In addition, shown in Fig. 1 G, can pass through lamination the one SiO 2Layer 120a, a SiNx layer 120b, the 2nd SiO 2Layer 120c and the 2nd SiNx layer 120d obtain resilient coating 120.In one embodiment, a SiO 2The thickness that layer 120a has is that about 200nm is to about 1 μ m.The thickness that the one SiNx layer 120b can have is that about 50nm is to about 200nm.The 2nd SiO 2The thickness that layer 120c can have is that about 50nm is to about 1 μ m.The thickness that the 2nd SiNx layer 120b can have is that about 50nm is to about 200nm.SiO 2The position of layer 120a and 120c and SiNx layer 120b and 120d can exchange (Figure 1B).
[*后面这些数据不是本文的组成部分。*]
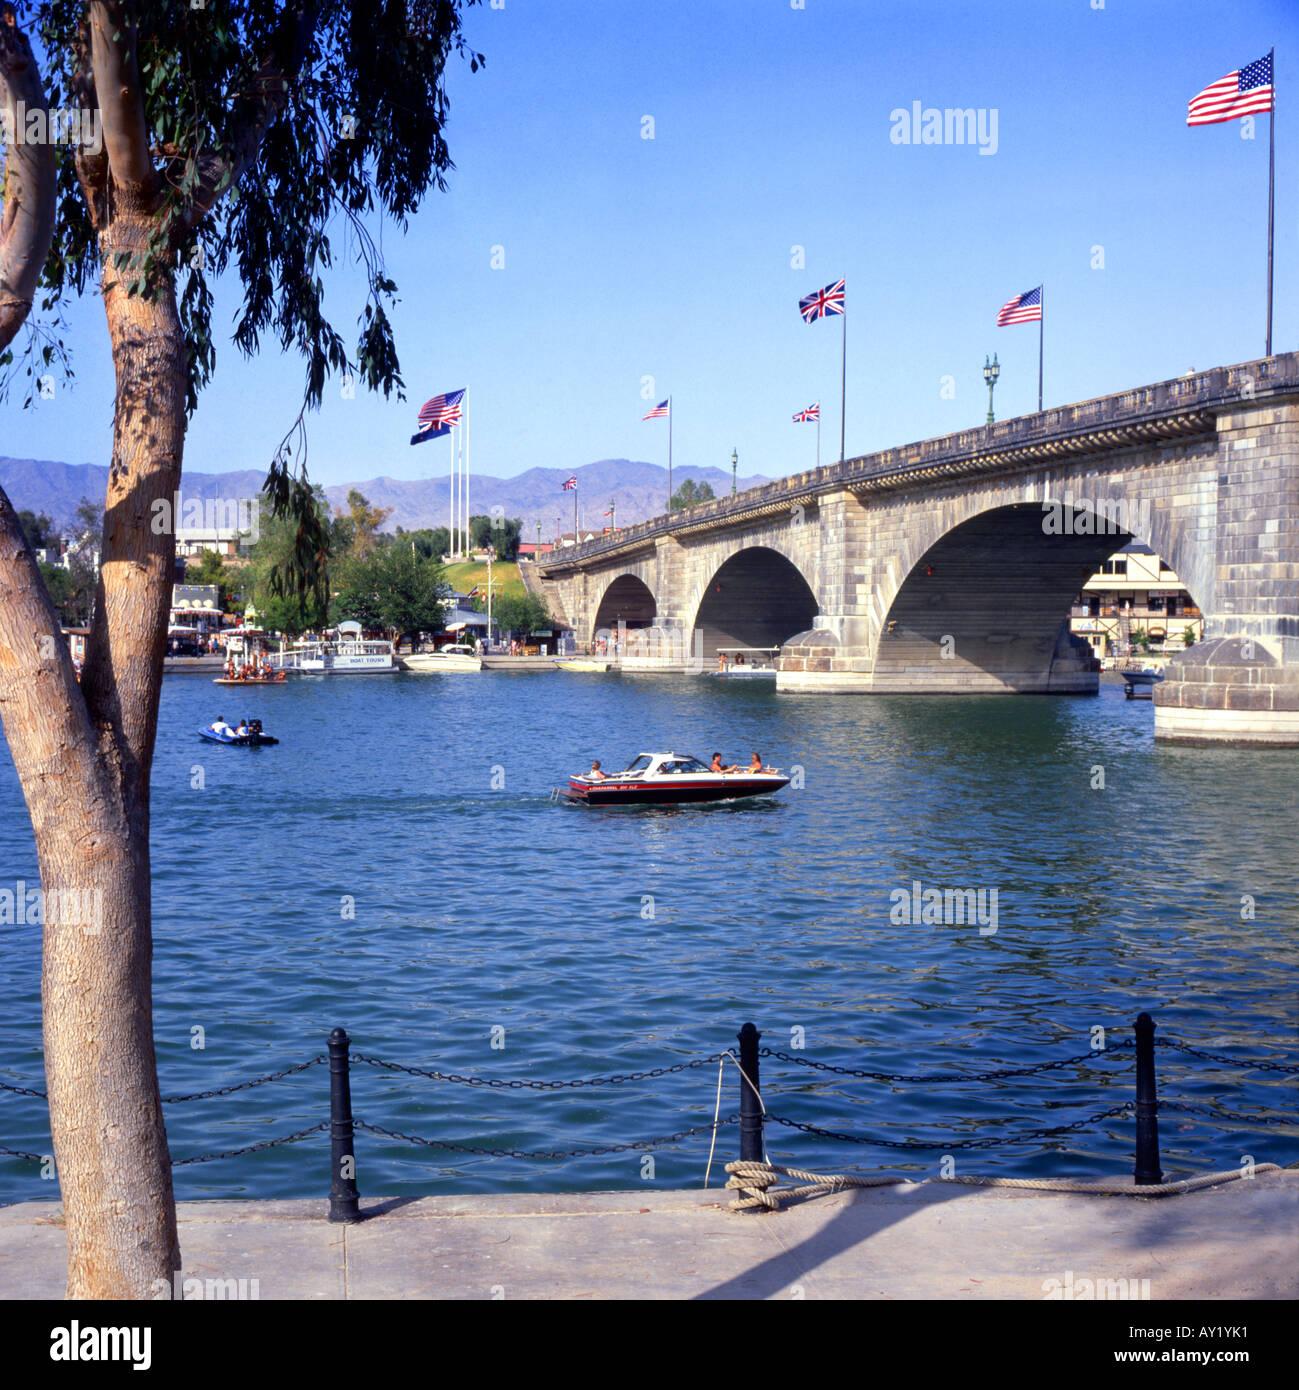 The Original London Bridge Now Spanning Lake Havasu In Arizona Usa Stock Photo Alamy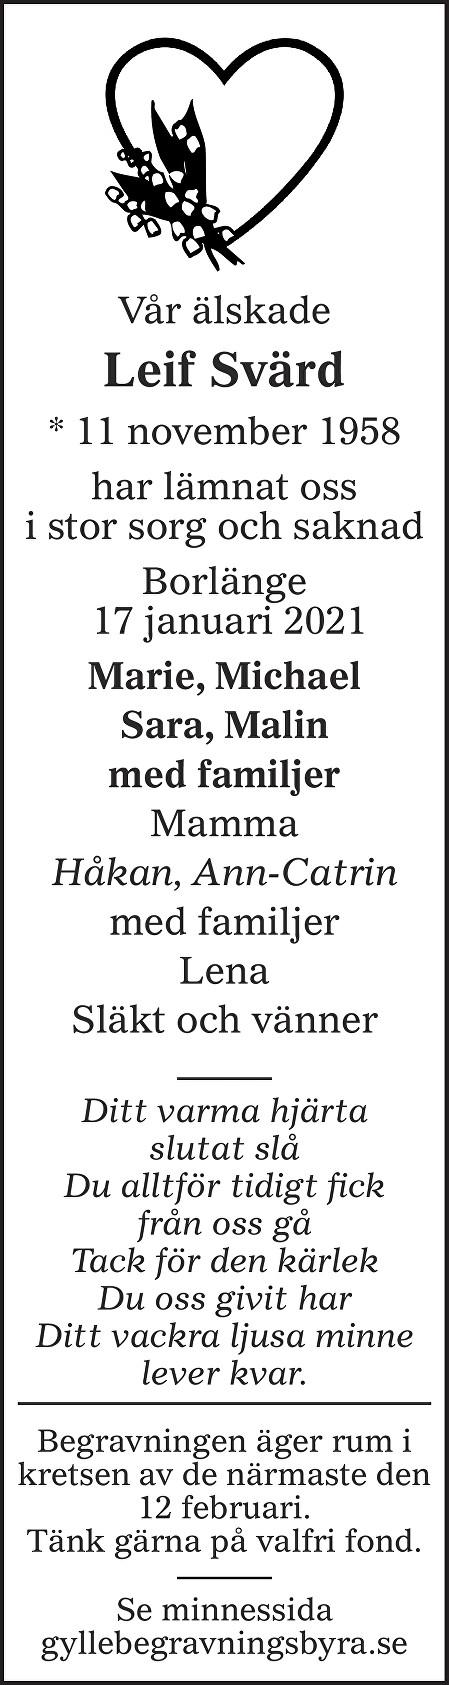 Leif Svärd Death notice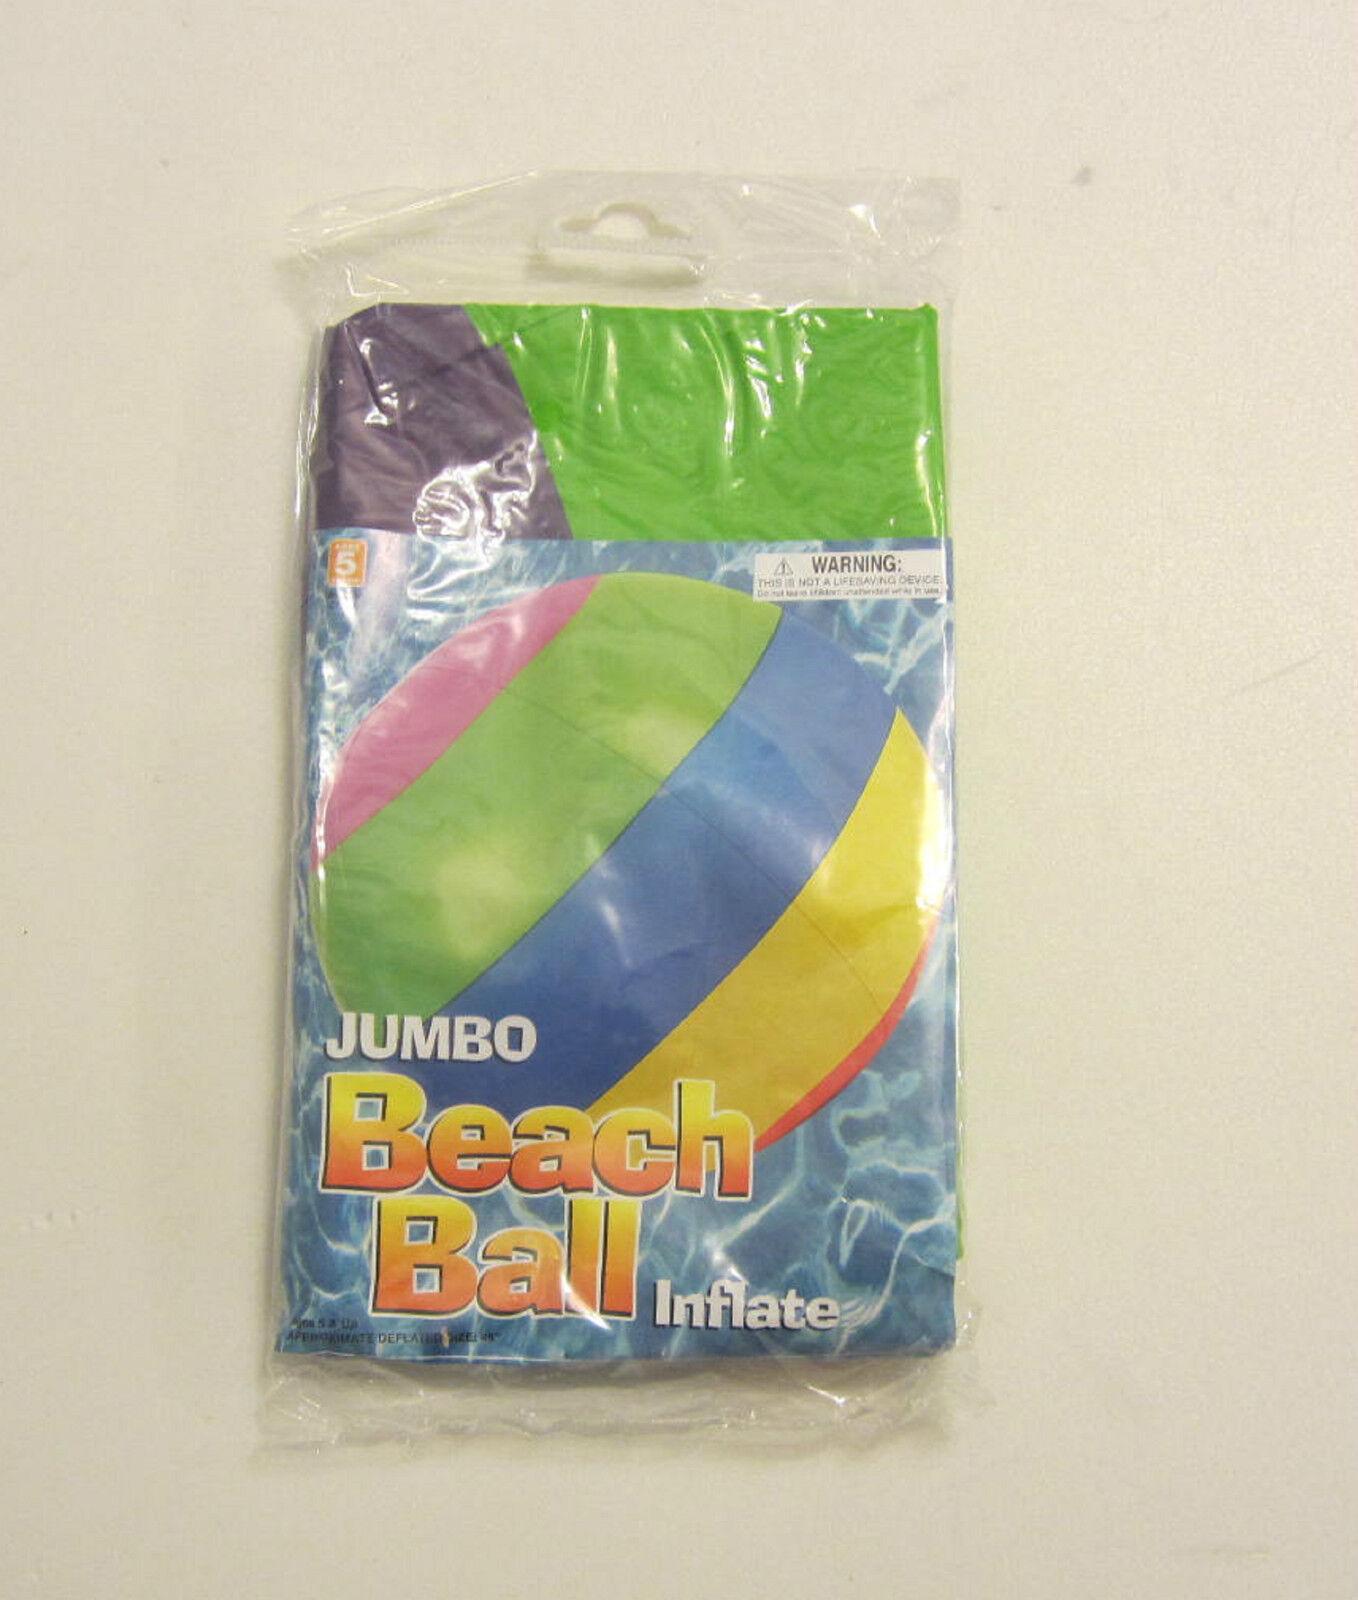 6 NEW JUMBO 48  INFLATABLE MULTI colorD GIANT BEACH BEACH BEACH BALLS POOL PARTY BEACHBALL b66112

Then, on the zone of resilient coating 120, form the semiconductor layer 130 that comprises channel layer 130a and source electrode and drain region 130b.In one embodiment, semiconductor layer 130 comprises polysilicon.In order to form polysilicon, at first, on resilient coating 120, form amorphous si-layer.Then, after carrying out the dehydrogenation processing, by the amorphous si-layer crystallization after the dehydrogenation, it is by removing the hydrogen component at about 430 ℃ temperature heating amorphous si-layer and from this amorphous si-layer that described dehydrogenation is handled.In one embodiment, use excimer laser annealing (ELA) method to make the amorphous si-layer crystallization.When amorphous si-layer was crystallized into polysilicon layer, the polysilicon layer of crystallization was patterned and forms semiconductor layer 130 (Fig. 1 C).
Then, on resilient coating 120 and semiconductor layer 130, form gate insulator 140 (Fig. 1 D).Metal level (not shown) is formed on the gate insulator 140, and this metal level is patterned and forms gate electrode 150 (Fig. 1 E).Then, use gate electrode 150 as mask, to the remaining area doping except that channel layer 130a of semiconductor layer 130 with n type dopant (n+) or p type dopant (p+).
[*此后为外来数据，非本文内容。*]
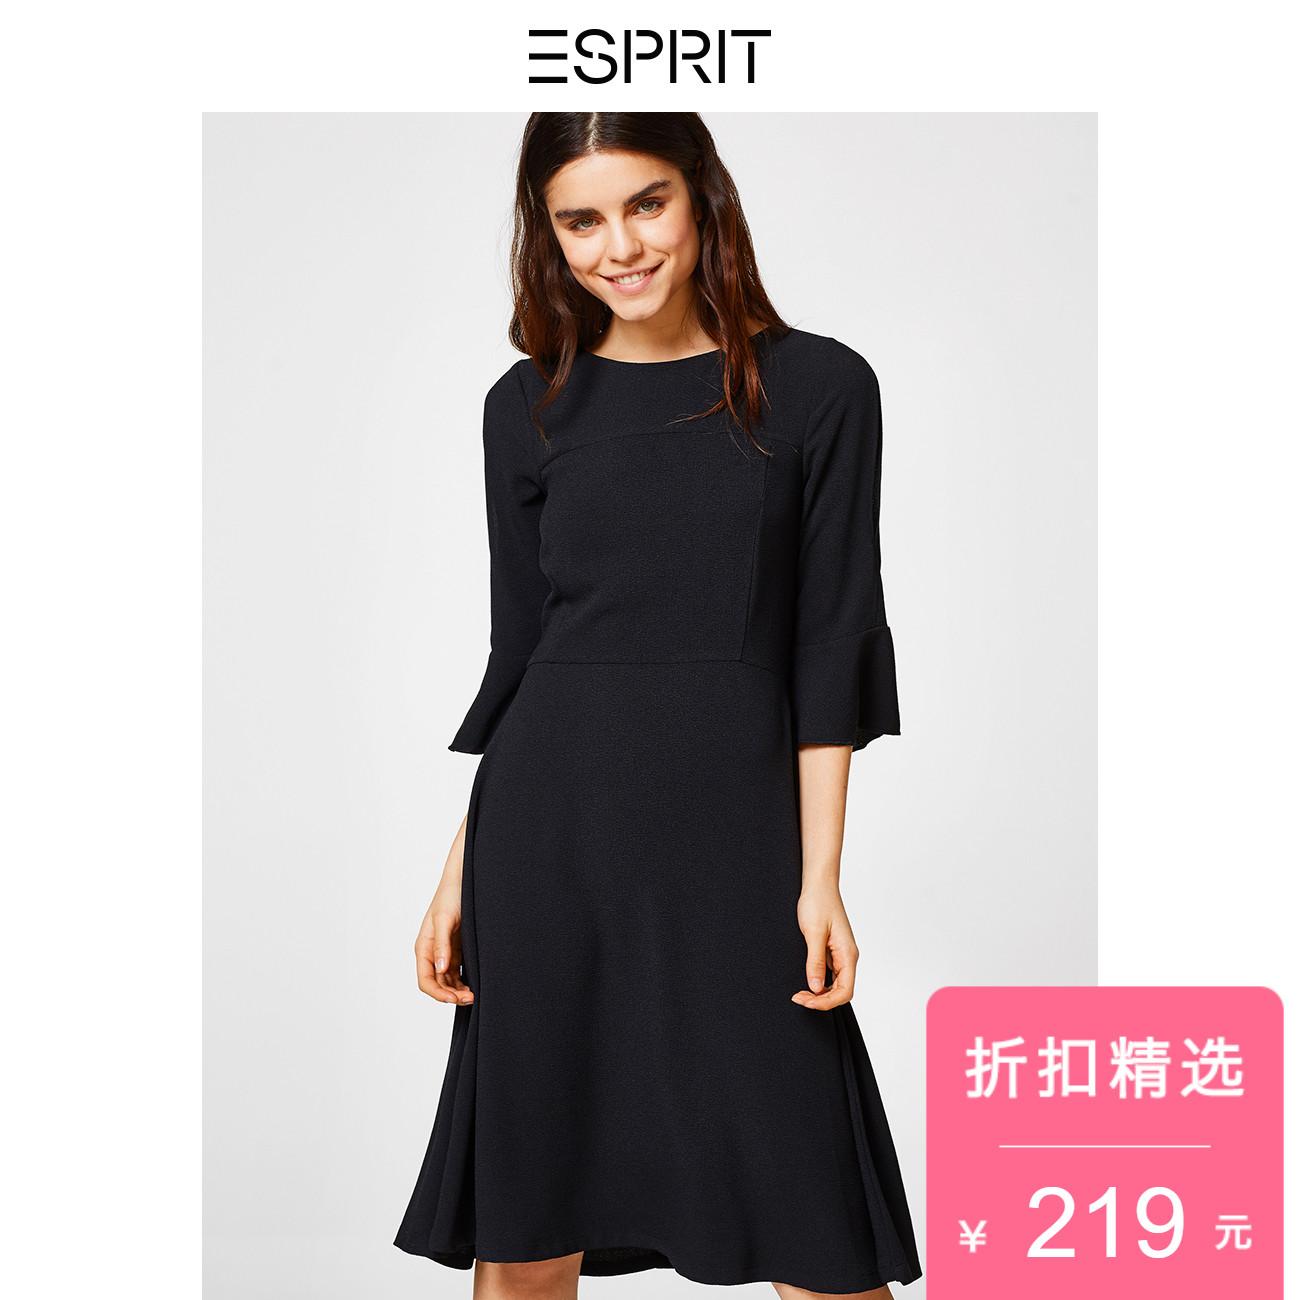 ESPRIT EDC女装夏基本款纯色圆领喇叭袖大摆连衣裙-028CC1E009

Then, on resilient coating 120, gate electrode 150 and semiconductor layer 130, form interlayer insulative layer 160.After interlayer insulative layer 160 forms, on semiconductor layer 130, carry out activation processing.On the other hand, when amorphous semiconductor layer 130 is formed polysilicon semiconductor layer by crystallization, and this polysilicon semiconductor layer 130 is when adopting ion showers to mix, the high energy dopant barrier rib that damage is annealed with the barrier rib collision.Like this, semiconductor layer 130 can become amorphous semiconductor layer and have the calking foreign atom, thereby dopant can not play a role well.Thereby, carrying out thermal anneal process so that semiconductor layer 130 is annealed, dopant becomes alternative formula like this, and this process is called as activation processing.In this case, activation processing was carried out 10 minutes to 1 hour to about 450 ℃ temperature at about 350 ℃ in stove.
Then, pass interlayer insulative layer 160 and form contact hole 170, this contact hole 170 has exposed source electrode and drain region 130b.In follow-up processing, form source electrode 180a and drain electrode 180b, these two electrodes are electrically connected to source electrode and drain region 130b (Fig. 2 F) by contact hole 170.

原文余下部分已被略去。